Wishart is also a biotech entrepreneur. Since 1995 he has launched eight start-up biotech companies, including Chenomx, [5] OMx Personal Health Analytics [6] and Molecular You Corp. [7] With more than 500 publications and >100,000 citations over his career, [8] he has been consistently ranked among the world's most cited scientists in any discipline [9] [10] and among the world's most cited 200 life scientists. [11]
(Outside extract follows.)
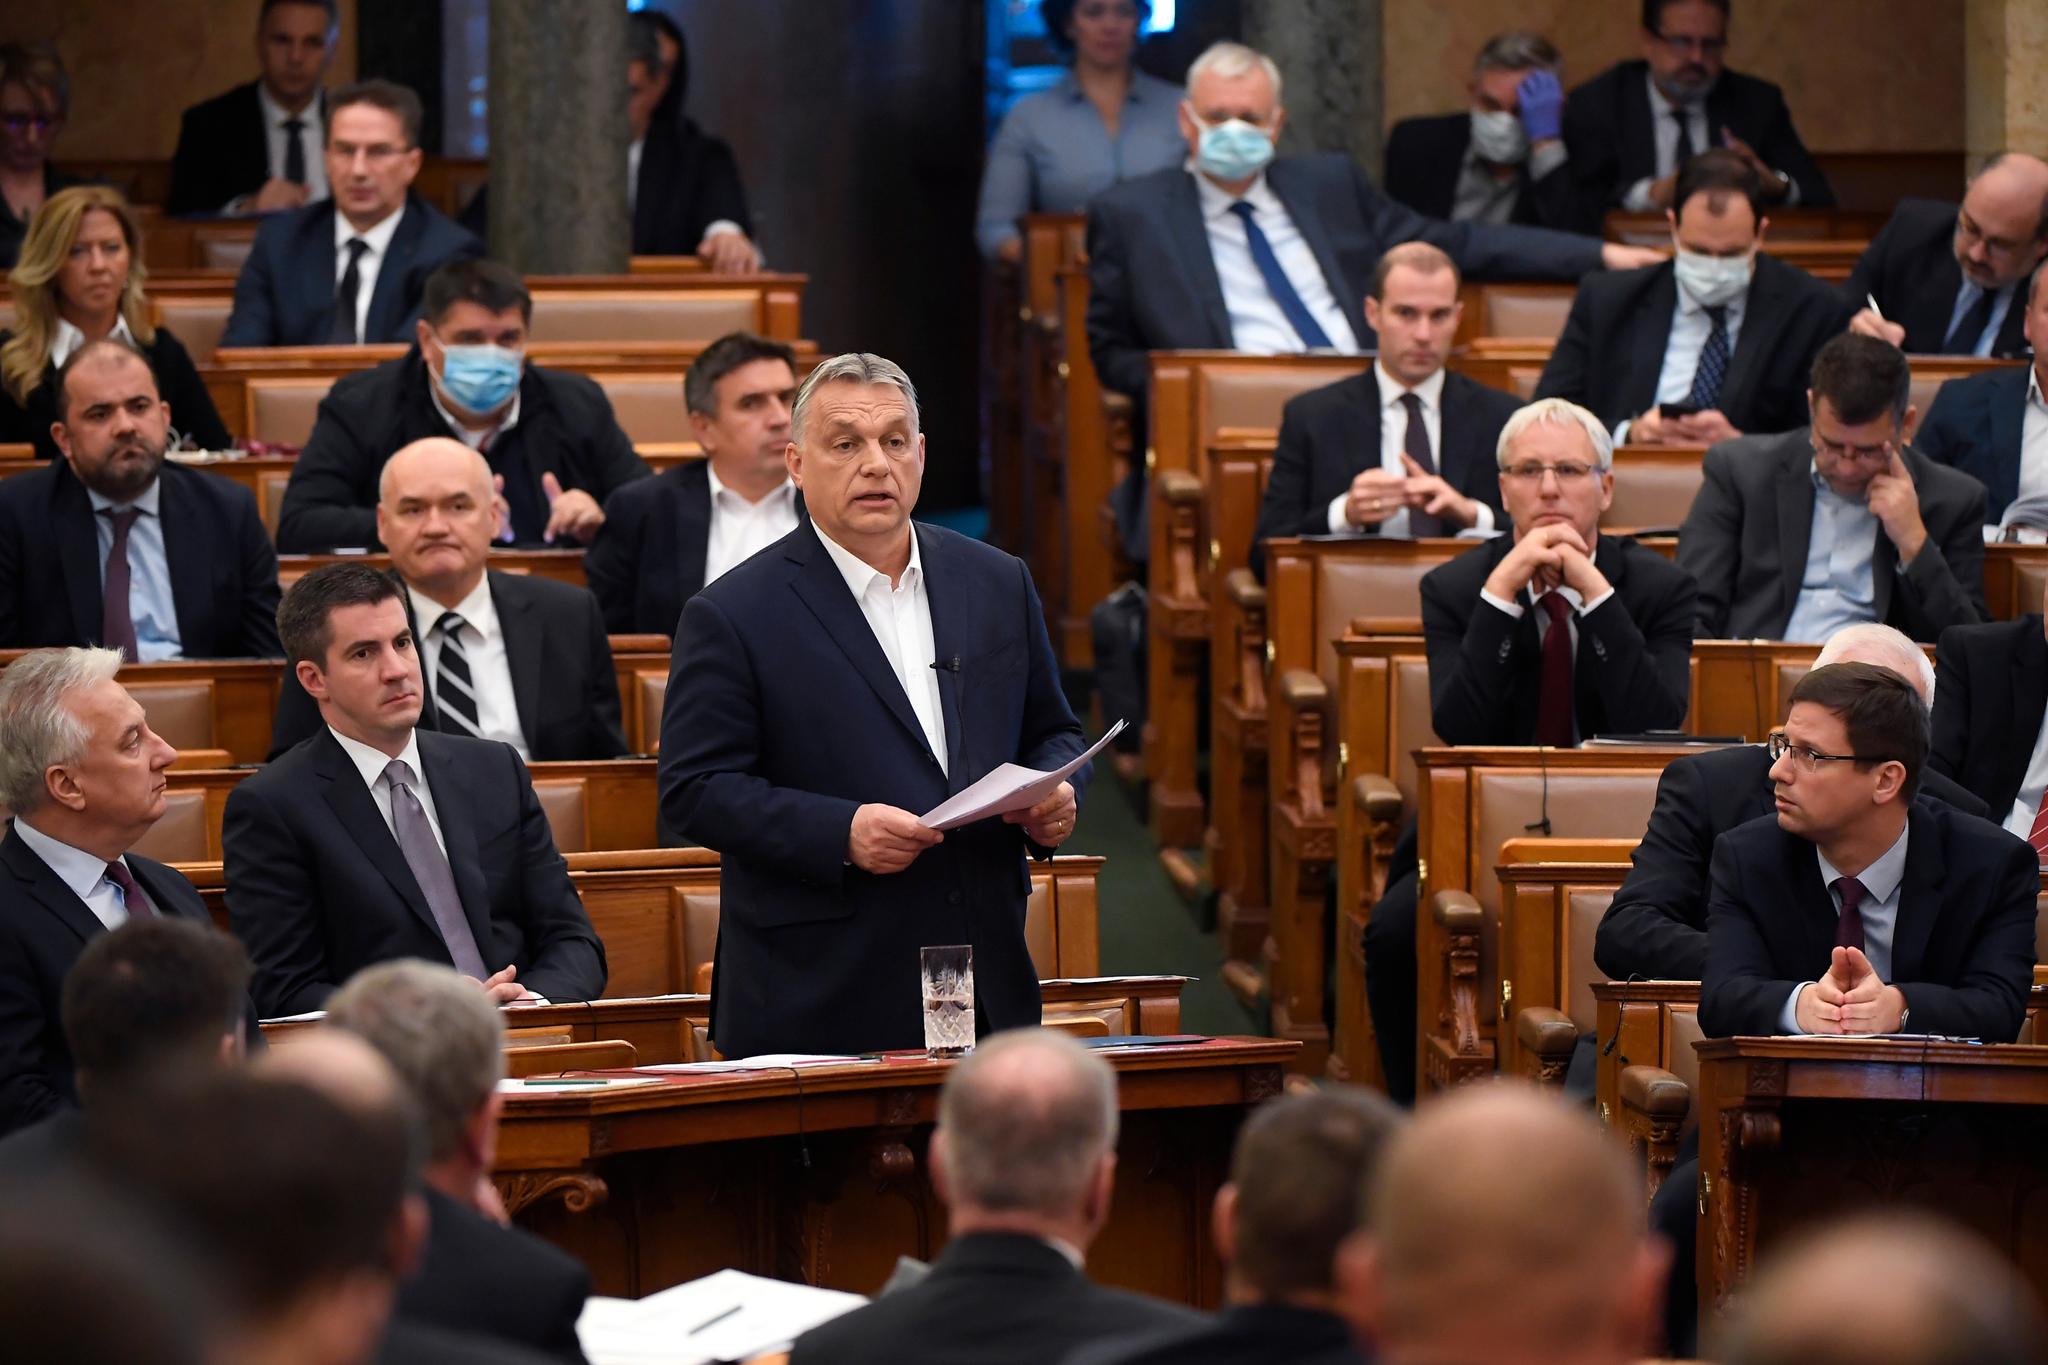 Ungarns president Viktor Orbán ba nasjonalforsamlingen gi ham svært vide fullmakter uten tidsbegrensning.

Wishart was born and raised in Edmonton, Alberta, Canada and has one brother, Ian (a physician) and one sister, Sandy. His mother, Patricia worked as a naturalist and author; his father William was a wildlife biologist with the government of Alberta. Wishart identifies as Metis. He has both Cree and Assiniboine ancestry from his father's side and Scottish ancestry from his mother's side. As a youth, Wishart learned to hunt, fish and trap from his father, who also used to operate his own trapline.
Wishart received his B.Sc. (Honours, First Class) in physics from the University of Alberta in 1983 and his M.Phil. (1986) and Ph.D. degrees (1991) in molecular biophysics from Yale University. Wishart completed his Ph.D. under the supervision of Frederic M. Richards and his post-doctoral studies (1991–1995) under the supervision of Brian D. Sykes. [12]
Wishart started his academic career as an assistant professor in 1995 with the Faculty of Pharmacy and Pharmaceutical Sciences at the University of Alberta where he held the Bristol Myers Squibb Chair in Biotechnology for 10 years. He was promoted to associate professor in 2002 and full professor in 2003, joining the Departments of Computing Science and Biological Sciences in the Faculty of Science at the University of Alberta. Because of his growing involvement in clinical chemistry, Wishart was appointed as an adjunct professor in the Department of Laboratory Medicine and Pathology in 2012. Wishart was appointed as a Distinguished University Professor in 2018. [13] From 2004-2016, Wishart also served as a senior research officer and the director of nanobiology at the National Research Council of Canada with the National Institute of Nanotechnology, located on the University of Alberta campus.
Wishart's research interests span a number of areas including structural biology, computational biology, bioinformatics, nanobiology, metabolomics, nuclear magnetic resonance (NMR) spectroscopy and mass spectrometry. A common theme to his research career has been the development of techniques, technology cores, protocols, data resources or computer programs that make science simpler, faster, cheaper or easier. [1] [2] [3]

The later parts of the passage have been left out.